I find myself shamefully writing this blog post. I am saddened by how quickly I lost myself. How I woke up one day and lost my mind. I am writing this as a woman broken by her own carelessness. I believed for a long time that being “free” meant doing whatever it is I chose to do; in retrospect, this ideology is justified. BUT, in my life, in my spiritual journey, I was foolish.
I am a Woman who has been after Gods own heart for as long as I could remember. I have cradled the fence of sinfulness and holiness for far too long. It all started with wanting ‘friends’ as a young woman. I grew up desiring to have real friends. I pushed God away so many times in my own mind in order to fit in with the masses.
I do not blame anyone in my life for my own personal choice to be disobedient to the word of God. I blame my own absentmindedness.
I want everyone reading this to understand: GOD IS GOD. Nothing in my life compares to the peace or joy that I have received in Christ JESUS.
I am acknowledging my lack of discipline in the gospel. I am acknowledging my lust of worldly gain(s). I am also acknowledging that I NEED Jesus.
I, personally, cannot live a fulfilling or blessed lifestyle without reading the word faithfully. I am unhappy when I am not in the house of God. I am empty when I do not worship. I am hungry when I do not fast.
I have been vexed. I have been asleep. I have been living in sin for months now. I cannot deny that I am unclean. Yes, we are all sinners. Every sin is equal. BUT LISTEN, once I gave my life to Christ, I know that I cannot do the same things as unbelievers.

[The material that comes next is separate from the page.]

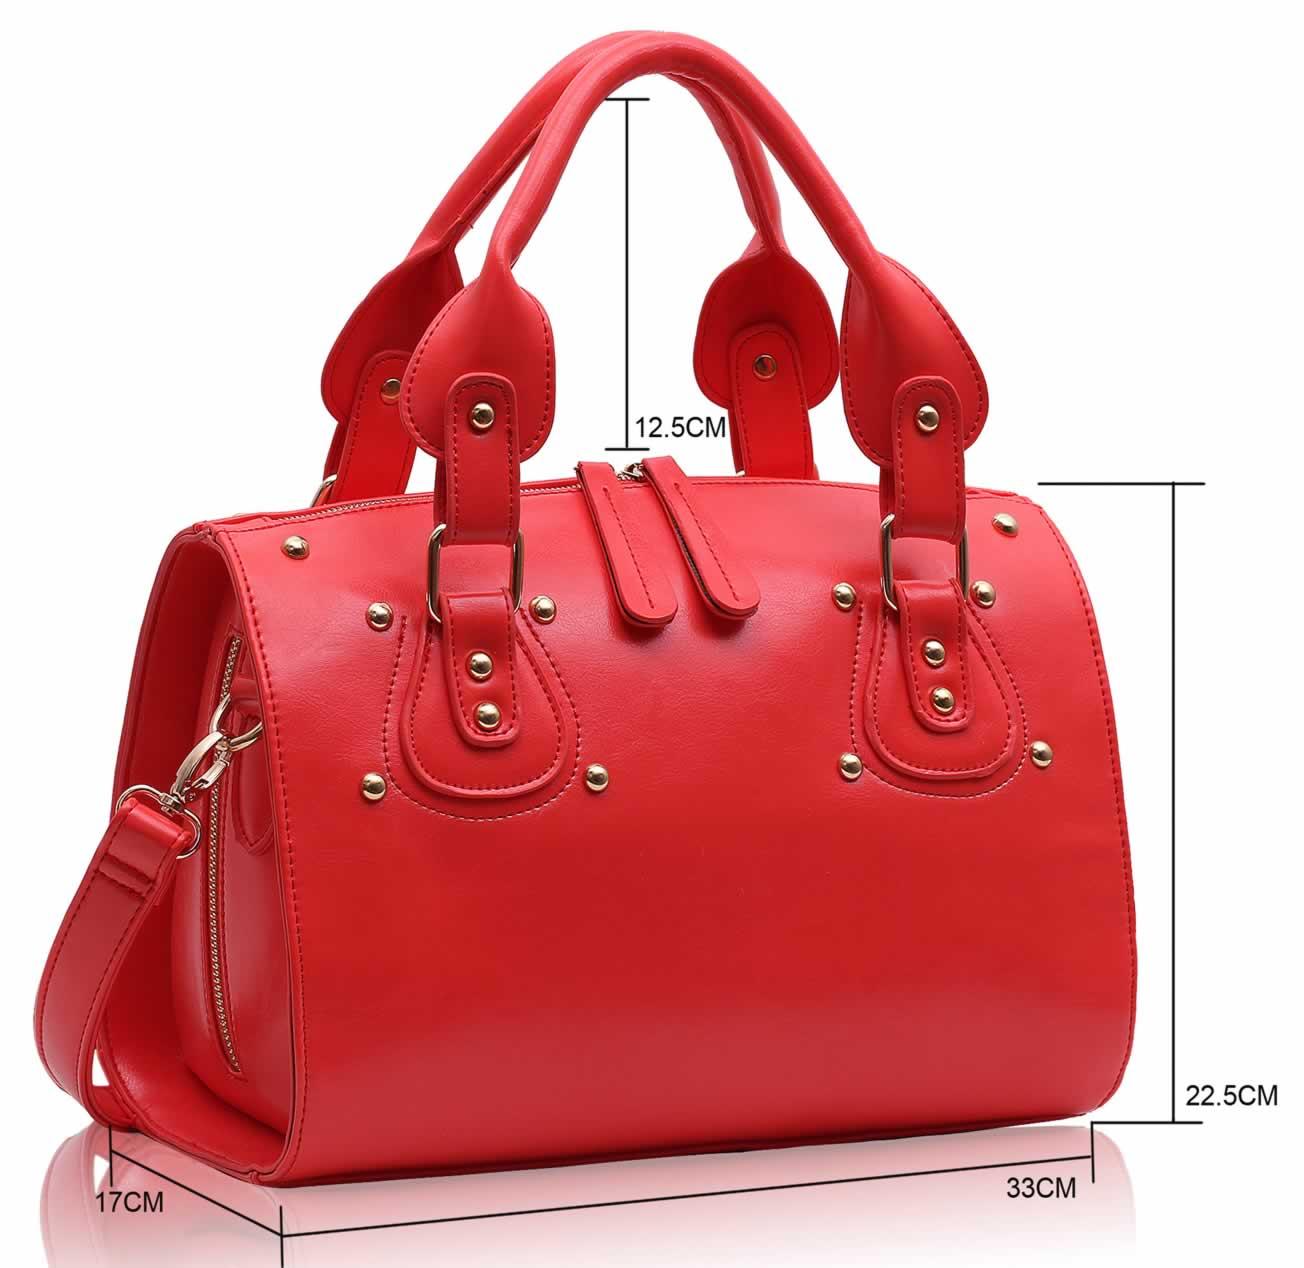 Wholesale Coral Studded Fashion Satchel Handbag

Please pray for me. If you do not believe, I will pray for you. I am not here to argue faith or unbelief, I am simply speaking the TRUTH about my spirituality. God has set me a part, and I swear to y’all I AM NOTHING WITHOUT JESUS CHRIST. THE HOLY GHOST IS REAL, THE HOLY GHOST LIVES WITHIN ME.
I have been suffering from attempting to be like the World around me. I have caused myself great harm spiritually and I need a revival!!!!!!!
I realize the thing I wanted most, friends, is the main reason I have lost touch with my belief in Christ. An idle mind is the devils playground and I am praying God doesn’t let me fall as hard as I’ve fallen this last season of my life.